Beginning with the first episode of the series, we (the listeners) are alerted to a potential error or oversight by Syed’s trial attorney, M. Cristina Gutierrez. Throughout the series, Koenig continues to question the attorney’s decisions, strategies, and overall effectiveness. Finally, in episode ten, Koenig devotes the entire show to her investigation of Gutierrez. We learn then that Gutierrez was disbarred in 2001, and after a struggle will illnesses, died from a heart attack in 2004 (referenced briefly in episode one). In that episode, Koenig details Gutierrez’s behavior during trial and after. She provides accounts by Syed’s parents as well as other clients, who noted, for example, that she could be difficult to reach, sometimes was late or missed deadlines, may have not been straightforward in regards to potential claims, and made unreasonable requests for money. Both her mental and physical health declined rapidly after the conclusion of Syed’s trial, forcing her into a hospital for a period of time, where she continued to practice even though she couldn’t keep up with the demands of her work. Gutierrez was disbarred in 2001 after “a record number of complaints” were filed against her for trust account mismanagement, totaling over $200,000.

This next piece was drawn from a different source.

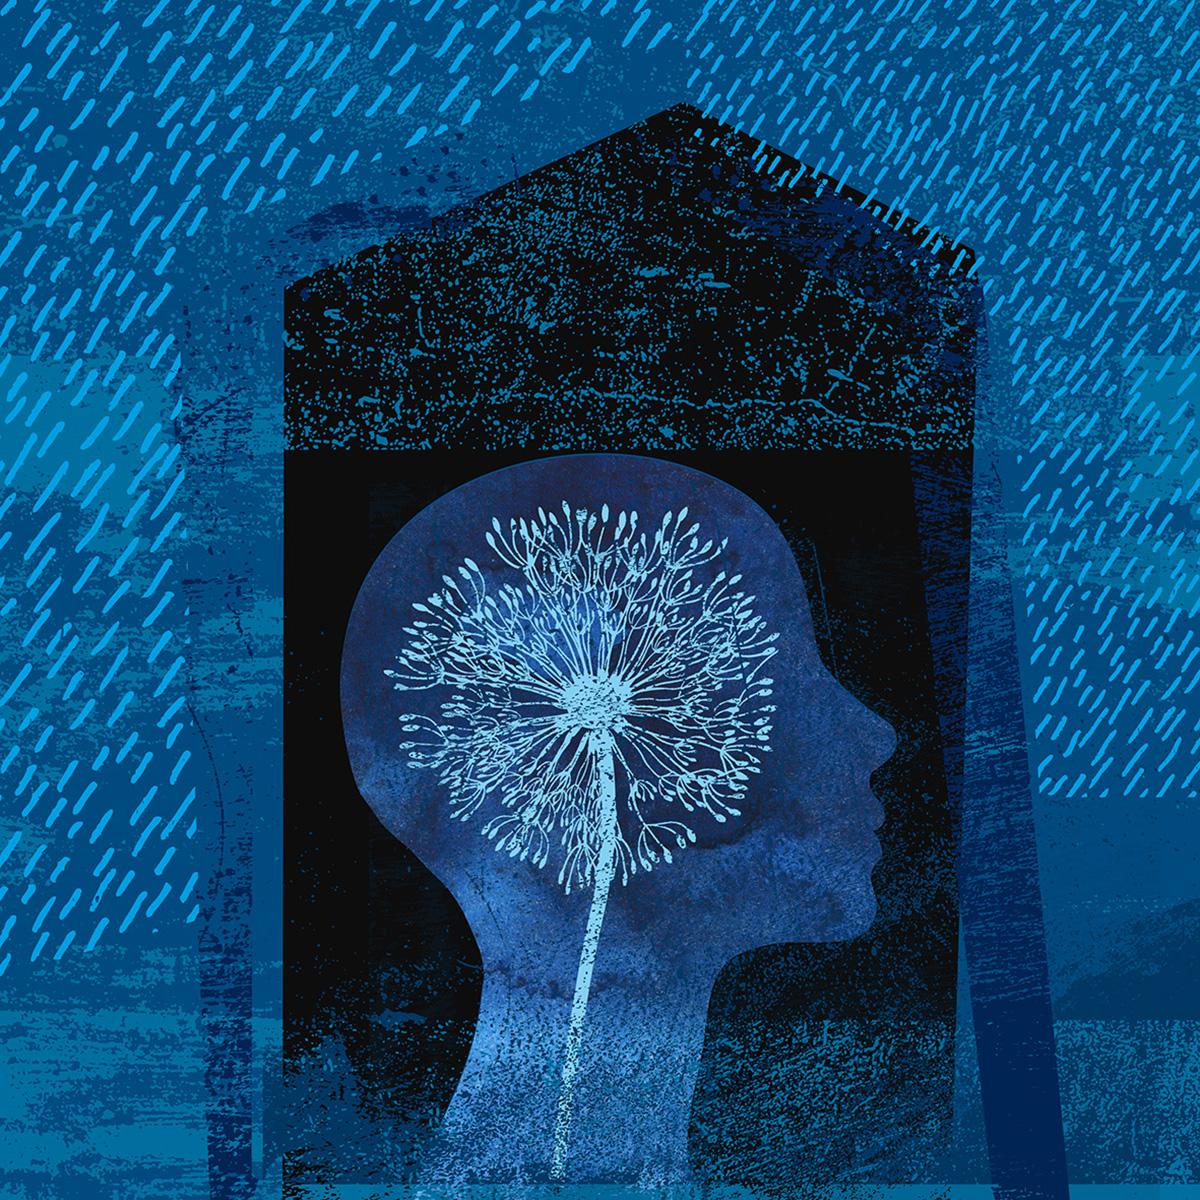 Karin Kemi Mixed media |Giclée Fine art print, collage 30 x 30 cm 3 700 kr svenskakonstnarer.se

To make sense of this, I conferenced my colleague, Dr. Jeff Fortgang, a clinical psychologist, who helps attorneys struggling with mental health issues to get his thoughts on the matter. Jeff has since expanded and published those thoughts in a blog post (forthcoming – to be published the week of 1/29/14), here, on the Lawyers Concerned for Lawyers blog. From Dr. Fortgang’s perspective, Gutierrez was “significantly impaired”. As a result, her practice suffered. This is precisely why LOMAP works hand-in-hand with our brothers and sisters at Lawyers Concerned for Lawyers. When an attorney’s mental health suffers, so does his or her practice. Dr. Forgang makes a number of interesting observations in his blog post, including noting some tell-tale signs that Gutierrez was struggling, such as her use of “peculiar courtroom phrasing” and “urgent quest[s] for money”.
While Dr. Forgang contemplates diagnoses and mental health concerns, I’m left thinking about how Gutierrez’s mis-management of her practice may have impacted the case. As soon as Koenig mentioned that Gutierrez’s staff and colleagues indicated that “she was never interested in the business side of things”, it was “not her forte”, I knew I was onto something. As to her trial strategies, I cannot comment directly, as I don’t know enough about the facts and no longer practice myself, plus hindsight is always 20-20. However, I wonder whether disorganization in her law practice contributed to her failure to pursue the Asia McClain lead (Syed’s potential alibi witness) or a plea deal as Adnan claims he requested. Moreover, it may also have been the reason why her witness examinations were so lengthy, and as Adnan described it, disjointed. She also struggled with client communication and billing. An addiction, as Dr. Forgang surmises, could explain her urgent requests for money, but even so, she probably did not have an effective financial management system. I suspect that being overwhelmed with work also did not help her maintain good channels of communication with her clients.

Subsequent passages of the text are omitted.